Kitabın sevdiğim bir diğer yanı ise betimlemeler, kelime seçimleri. Her defasında yazar için 'çok zeki' deyip durdum. Üzerini çizdiğim o kadar çok satır var ki, heppsini burada paylaşsam inanın bir novella elde ederim. ^^ Kitabın her satırında -biraz da kitap boyunca dinlediğim Arap müziklerinin etkisinden olsa gerek- o dünyadaymışım gibi hissettim, o duyguları en derin şekilde hissettim. İnsanların Khalid'den nasıl nefret ettiklerini, onu hala seven kişilerin neden sevdiklerini, Shahrzad'ın duygularını, Jalal'ın Khalid'i korumasını, her şeyi... Mesela aşağıdaki cümle her okuduğumda gözlerimi doldurur benim.

"Don't hate him delam. After all, every story has a story."
Bir de tabii kitapta yer alan Farsça kelimelerin güzelliği...
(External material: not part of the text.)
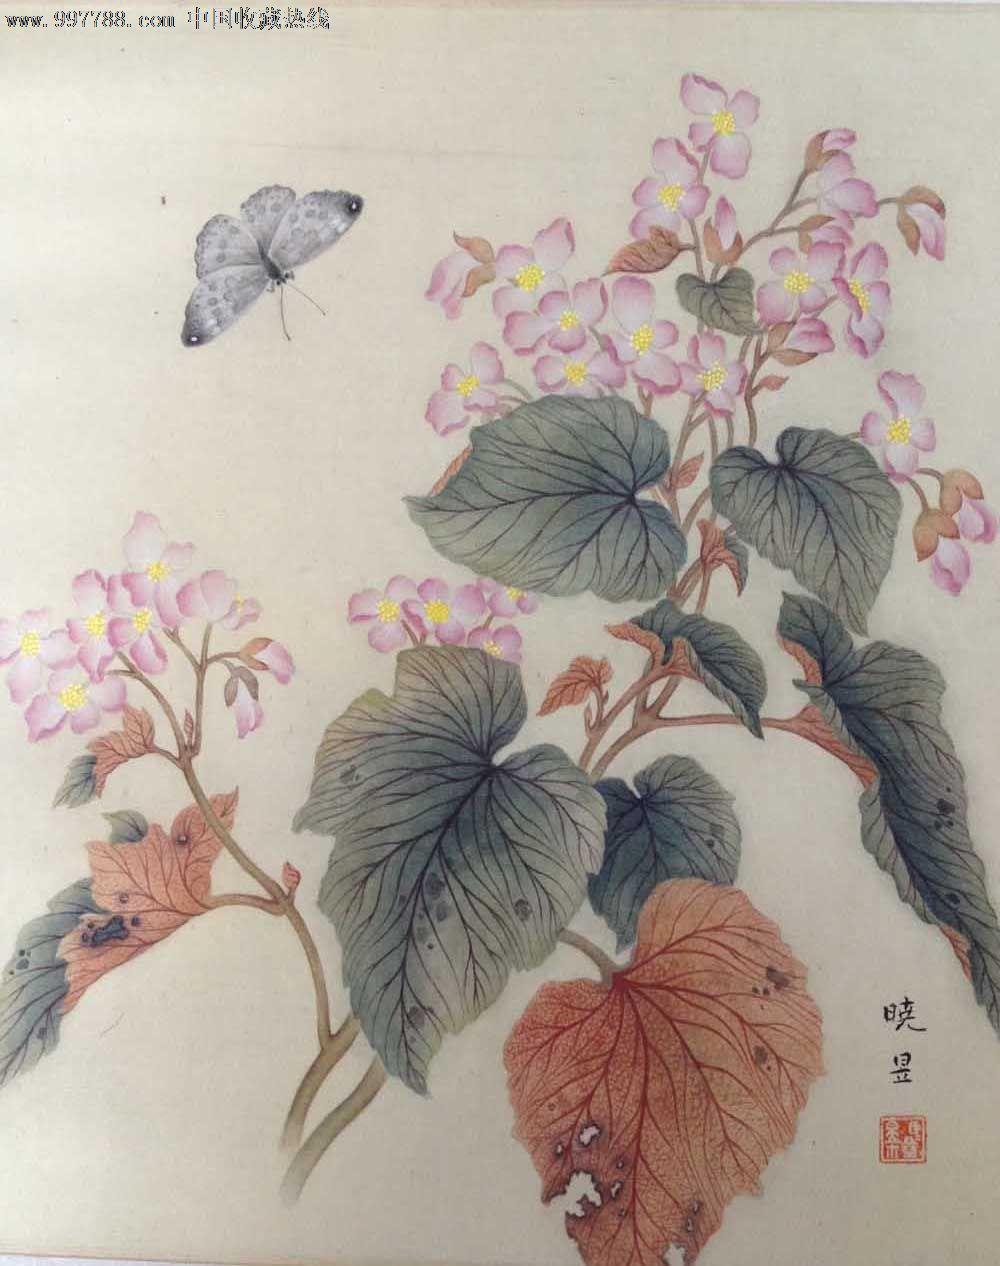 马晓昱工笔画-花卉3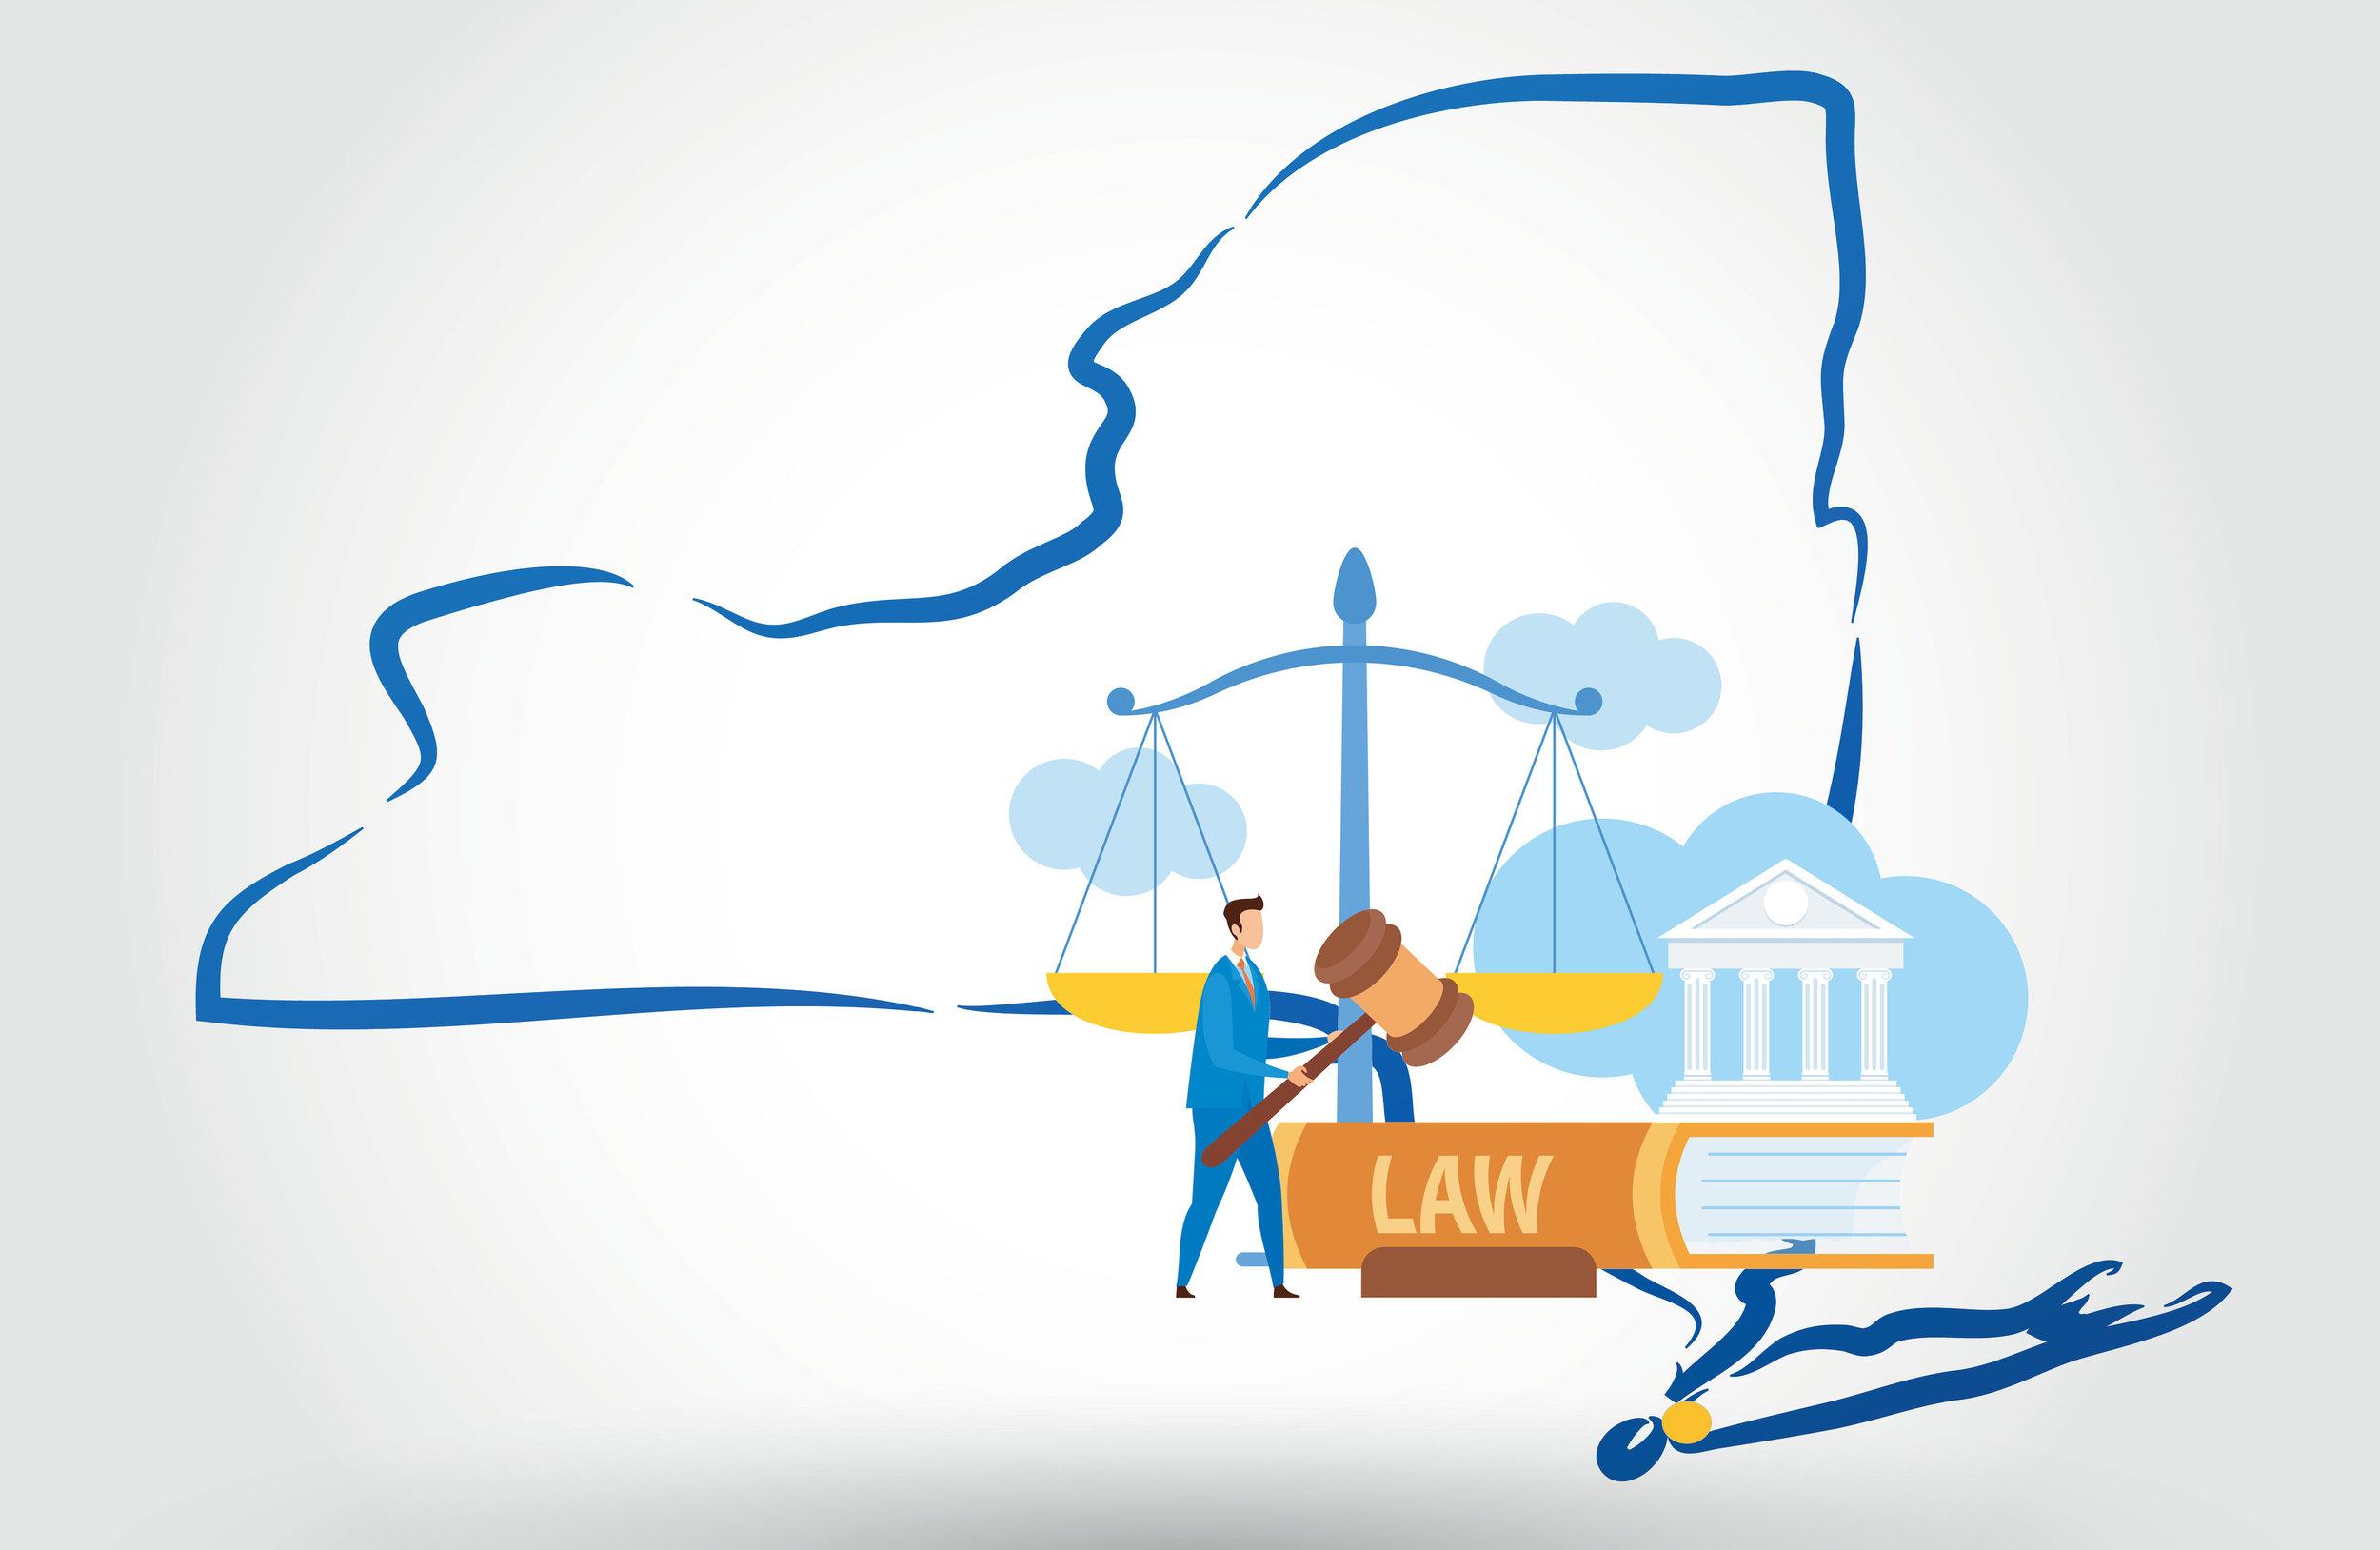 NY Law image.jpg

Jonaam, delam... Nasıl da güzeller.

Bunların yanı sıra tabi o kültüre ait bir çok kelime olduğundan kitabı okumak bir anlamda zordu. Ama ben epub olarak okuduğum için bilmediğim kelimelerin üzerine tıklayaran anında anlamını ya da web'de bir fotoğrafını görme şansını elde ettim. İkinci kitabı da bu şekilde okuyacak olmama rağmen kitap olarak da bu romanları satın alacağım. Sepete çoktan ekledim bile. ^^ Ekran üzerinden kelimelerin üzerini çizme keyfini kitap halinde fazlasıyla yaşamak istiyorum.

Son olarak değinmeden edemeyeceğim Renee Ahdieh de bir whovian olabilir mi sanki? Sizce de Doctor Who'dan bildiğimiz bu satırlar ile ;


"We are all stories in the end. Just make it a good one."
The Wrath and the Dawn'dan bu satırlar çok benzemiyorlar mı?


“Our story may have come to a close, but your story is still yet to be told.
Make it a story worthy of you.”
  
Bildiğim kadarıyla henüz Türkçe'ye kazandırılmamış bu kitap umarım en kısa sürede bir yayınevince çevirilir ve Türk okurları ile de buluşur. Herkesin okumasını isterim bu kitabı...          


“Trust that some secrets are safer behind lock and key."